Exercise brief
Exactly the line with "Gran capital 60200 | | Oficial LEGO®" and the lines that follow it, through the closing line of the entries, should be restated, with nothing left out or added.

Excerpts from a dataset
※

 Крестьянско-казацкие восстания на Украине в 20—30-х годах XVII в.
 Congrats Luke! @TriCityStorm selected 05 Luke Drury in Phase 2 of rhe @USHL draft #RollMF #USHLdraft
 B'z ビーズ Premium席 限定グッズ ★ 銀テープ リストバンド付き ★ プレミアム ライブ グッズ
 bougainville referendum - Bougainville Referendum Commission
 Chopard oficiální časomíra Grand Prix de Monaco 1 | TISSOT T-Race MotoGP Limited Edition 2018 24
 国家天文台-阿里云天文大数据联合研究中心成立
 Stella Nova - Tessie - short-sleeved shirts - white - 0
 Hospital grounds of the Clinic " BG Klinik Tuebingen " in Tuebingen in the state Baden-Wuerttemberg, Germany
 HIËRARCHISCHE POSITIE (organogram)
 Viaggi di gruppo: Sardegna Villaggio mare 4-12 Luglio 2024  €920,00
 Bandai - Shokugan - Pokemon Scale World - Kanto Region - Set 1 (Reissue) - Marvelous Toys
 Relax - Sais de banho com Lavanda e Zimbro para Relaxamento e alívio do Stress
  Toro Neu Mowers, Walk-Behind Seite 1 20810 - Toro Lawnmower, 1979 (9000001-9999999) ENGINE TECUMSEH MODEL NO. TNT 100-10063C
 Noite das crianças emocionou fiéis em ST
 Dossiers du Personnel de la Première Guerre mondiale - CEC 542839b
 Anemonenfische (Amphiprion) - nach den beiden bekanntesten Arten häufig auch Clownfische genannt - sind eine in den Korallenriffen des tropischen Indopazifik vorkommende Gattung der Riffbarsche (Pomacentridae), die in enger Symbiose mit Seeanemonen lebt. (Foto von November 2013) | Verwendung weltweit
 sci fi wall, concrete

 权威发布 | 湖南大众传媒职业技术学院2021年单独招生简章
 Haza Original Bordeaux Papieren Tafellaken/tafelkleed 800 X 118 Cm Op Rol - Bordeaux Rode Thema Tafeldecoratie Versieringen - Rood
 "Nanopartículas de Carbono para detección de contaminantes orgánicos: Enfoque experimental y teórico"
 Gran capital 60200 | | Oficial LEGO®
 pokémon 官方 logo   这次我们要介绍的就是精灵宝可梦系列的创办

※

Exercise answer
 Gran capital 60200 | | Oficial LEGO®
 pokémon 官方 logo   这次我们要介绍的就是精灵宝可梦系列的创办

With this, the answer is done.